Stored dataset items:

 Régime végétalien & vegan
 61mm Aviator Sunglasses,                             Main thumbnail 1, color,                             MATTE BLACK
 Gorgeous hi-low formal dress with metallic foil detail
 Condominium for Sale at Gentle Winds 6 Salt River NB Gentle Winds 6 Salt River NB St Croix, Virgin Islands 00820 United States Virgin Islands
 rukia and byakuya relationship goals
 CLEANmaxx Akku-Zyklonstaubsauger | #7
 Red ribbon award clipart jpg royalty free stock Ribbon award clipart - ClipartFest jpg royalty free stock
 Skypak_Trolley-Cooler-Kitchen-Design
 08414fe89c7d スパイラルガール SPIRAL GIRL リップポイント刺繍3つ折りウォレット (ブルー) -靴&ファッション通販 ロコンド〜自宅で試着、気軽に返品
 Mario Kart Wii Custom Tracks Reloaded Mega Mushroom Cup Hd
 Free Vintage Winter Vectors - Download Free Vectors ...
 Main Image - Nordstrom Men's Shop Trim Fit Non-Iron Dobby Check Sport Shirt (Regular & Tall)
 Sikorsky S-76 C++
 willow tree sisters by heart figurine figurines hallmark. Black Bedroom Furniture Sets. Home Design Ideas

Task item: Copy out only the lines above from the one with "Gorgeous hi-low formal" to the one with "Sikorsky S-76 C++", inclusive, exactly as they stand.

Exercise answer:
 Gorgeous hi-low formal dress with metallic foil detail
 Condominium for Sale at Gentle Winds 6 Salt River NB Gentle Winds 6 Salt River NB St Croix, Virgin Islands 00820 United States Virgin Islands
 rukia and byakuya relationship goals
 CLEANmaxx Akku-Zyklonstaubsauger | #7
 Red ribbon award clipart jpg royalty free stock Ribbon award clipart - ClipartFest jpg royalty free stock
 Skypak_Trolley-Cooler-Kitchen-Design
 08414fe89c7d スパイラルガール SPIRAL GIRL リップポイント刺繍3つ折りウォレット (ブルー) -靴&ファッション通販 ロコンド〜自宅で試着、気軽に返品
 Mario Kart Wii Custom Tracks Reloaded Mega Mushroom Cup Hd
 Free Vintage Winter Vectors - Download Free Vectors ...
 Main Image - Nordstrom Men's Shop Trim Fit Non-Iron Dobby Check Sport Shirt (Regular & Tall)
 Sikorsky S-76 C++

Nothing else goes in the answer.